In this embodiment 1, the effect of reducing the amount of light radiation from the sample surface can be achieved by turning off the light source outside the image window.

[ example 2 ]

The method adopted in the embodiment is to use a power Modulator of the light source, and one typical application is to use an Acousto-optic Modulator (AOM) to modulate the light source. The modulation method is from equation (5) as the entry point. In equation (5), if the power P is applied to the emitting end of the light source₀After AOM, carrying out nonlinear modulation on the AOM to obtain:

where k is the attenuation coefficient of the AOM and is a constant. Substituting the formula (6) into the formula (5) to obtain the radiant quantity distribution of the light source in the sample space:

I′(x)＝ΔI(x)/Δx＝k·P₀/ω (7)

wherein: Δ i (x) is the amount of radiation received per unit spatial dimension of the scan sample, x is the scan spatial location; Δ x is the amount of position change; ω is the angular velocity of the fast resonant mirror.

That is, the distribution of the amount of radiation of the light source in the sample space becomes a constant through the power modulation of equation (6).

The formula (6) is further simplified to obtain,

referring to fig. 4A, there is shown simultaneous power modulation 21, 22 of the light source output at the forward scanning (sampling) window 11 and the reverse scanning (sampling) window 12 of the fast resonant mirror.

Referring to fig. 4B, power modulation 21 of the light source output in the forward scanning (sampling) window 11 is shown.

Referring to fig. 4C, the power modulation 22 of the light source output at the inverse scanning (sampling) window 12 is shown.

Another modulation is to take into account the severe stretching distortion of the sample image outside the image window.
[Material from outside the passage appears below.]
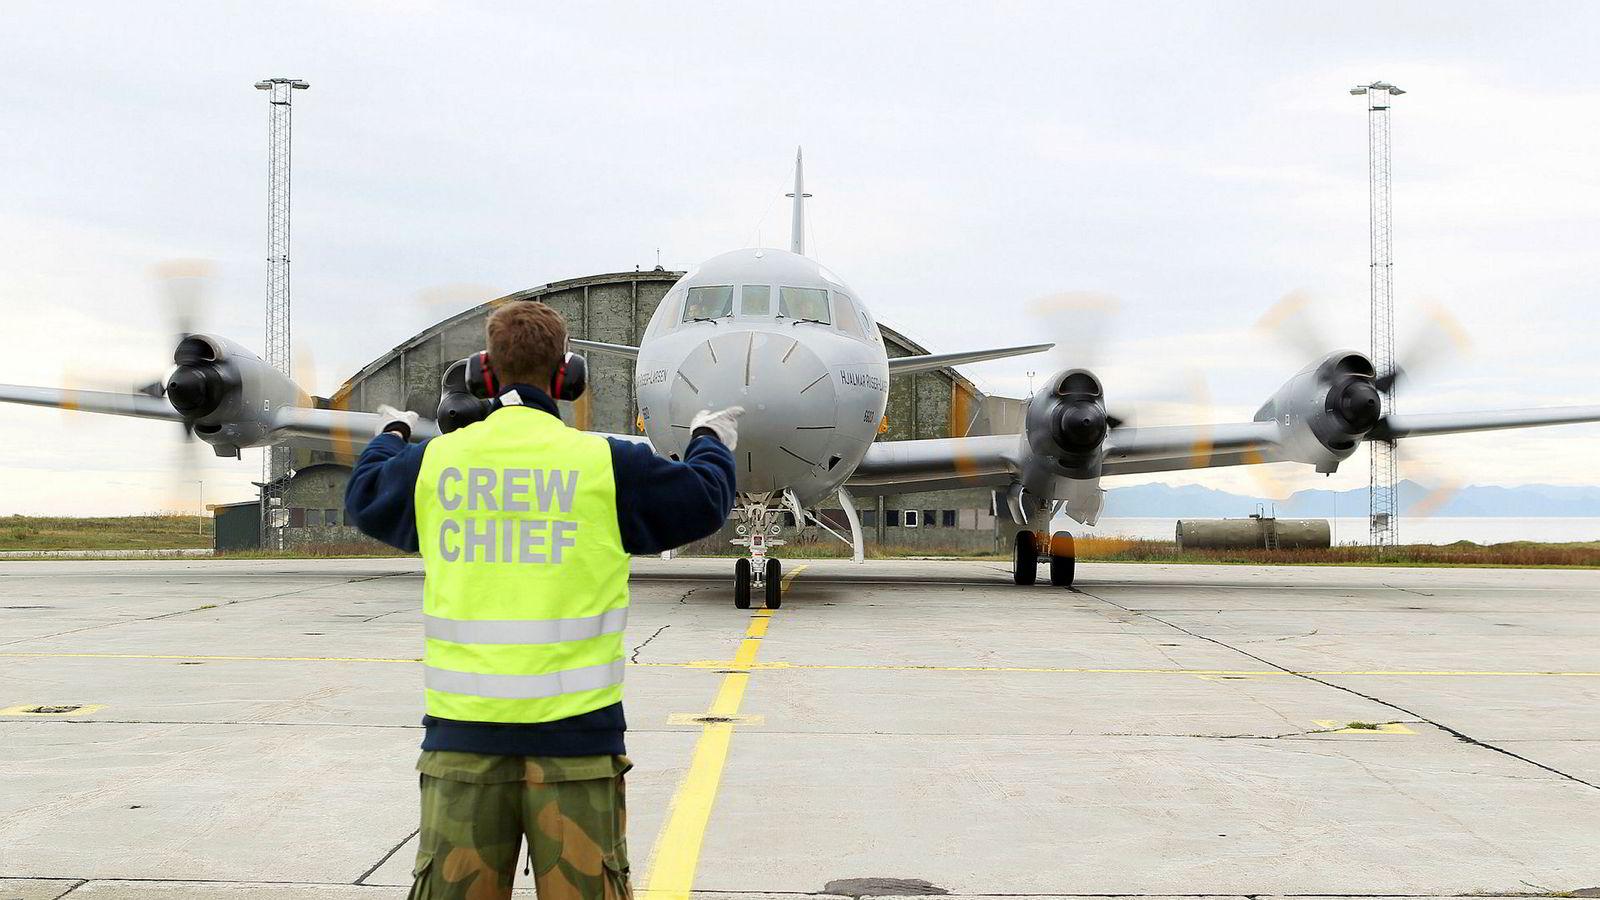 Å kjempe for de arbeidsplassene en lokal militærleir gir, har langsiktige negative konsekvenser også distriktspolitisk, ifølge innleggsforfatteren. Bildet er fra Andøya, en av militærbasene som ble blinket ut for utfasing i regjeringens langtidsplan for forsvarssektoren.
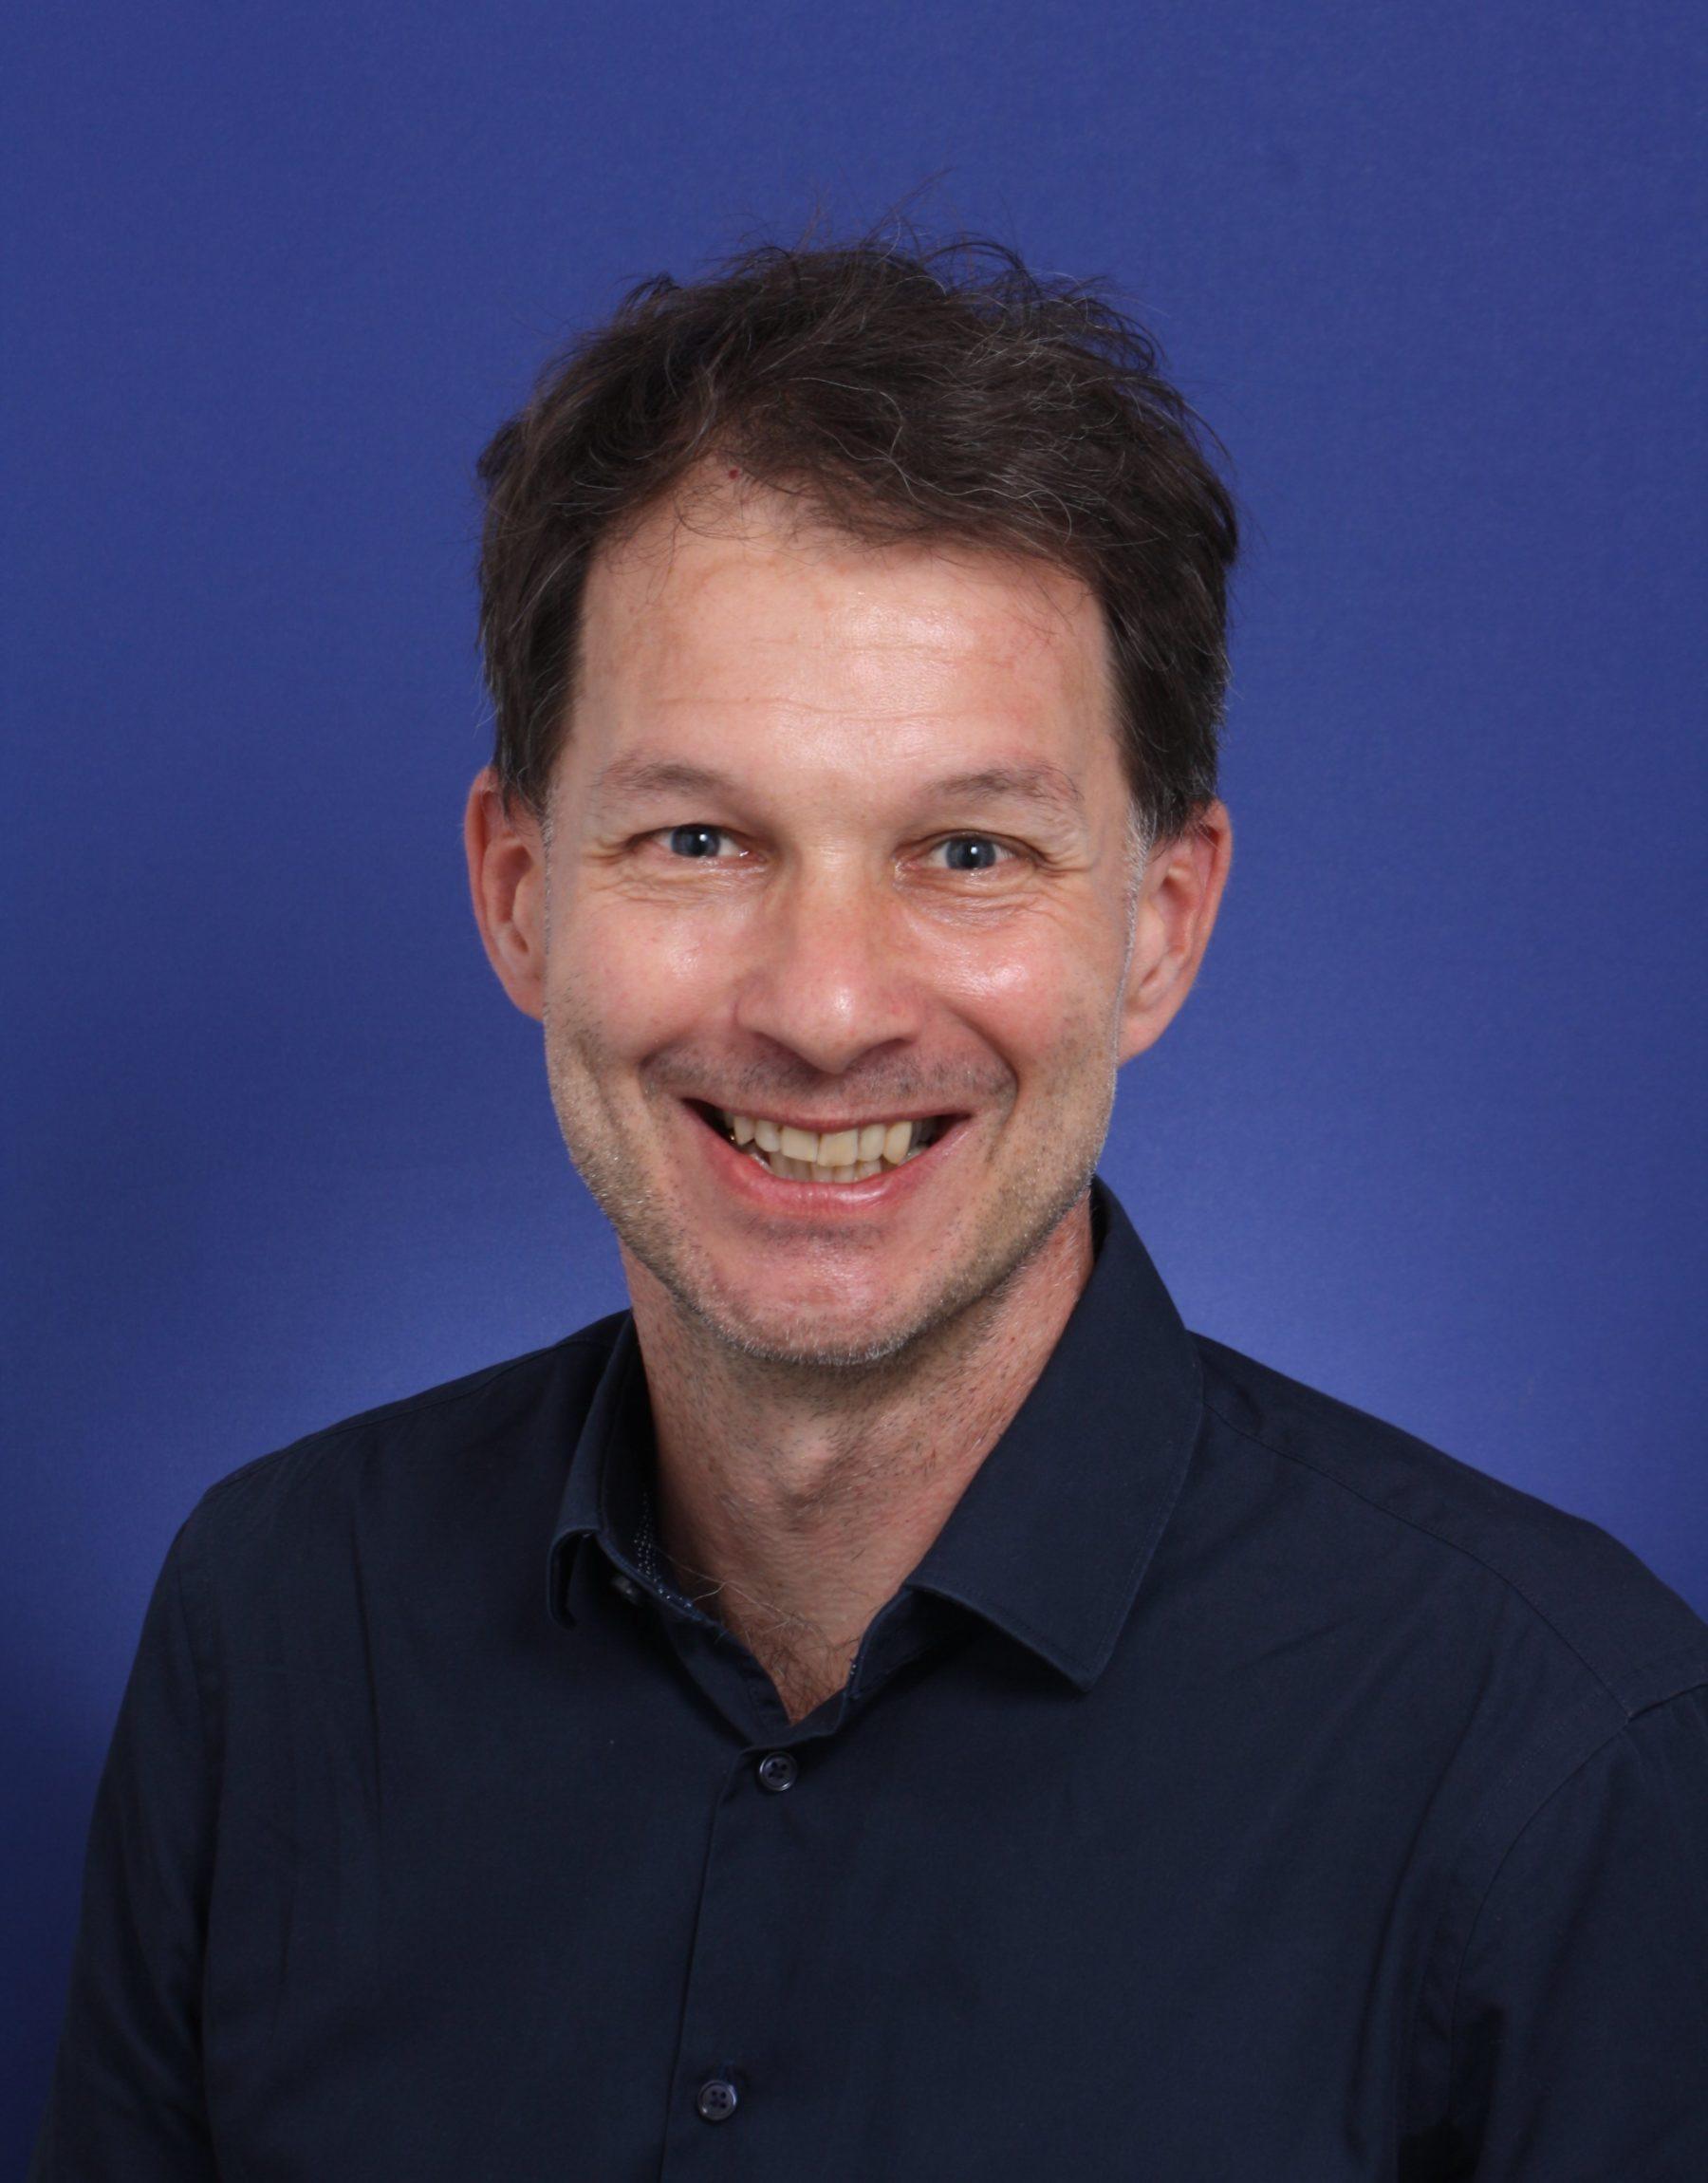 Rainer Kohlschreiber

As shown in fig. 5A, simultaneous power modulation 211, 221 is performed on the light source output at the forward-scan image window 111 and the reverse-scan image window 121 of the fast resonant mirror.

As shown in fig. 5B, the light source output is power modulated 211 in the forward direction to scan the image window 111.

As shown in fig. 5C, the light source output is power modulated 221 in the reverse scan image window 121.

The embodiment adopts the modulation mode to modulate the light source, and can also achieve the effect of reducing the light radiation quantity on the surface of the biological sample.

[ example 3 ]

The method adopted in this embodiment is to combine the methods of embodiments 1 and 2, and to turn off the SLD light source outside the image window, and at the same time, superimpose a power modulator, such as an AOM, to perform power modulation on the output end of the light source.

As shown in fig. 6A, simultaneous power modulation 211, 221 and light source on- off modulation 311, 321 are performed on the light source by AOM at the forward scan image window 111 and the reverse scan image window 121 of the fast resonant mirror.

As shown in fig. 6B, simultaneous power modulation 211 and light source on-off modulation 311 is performed on the light source by AOM in the forward scanning image window 111 of the fast resonant mirror.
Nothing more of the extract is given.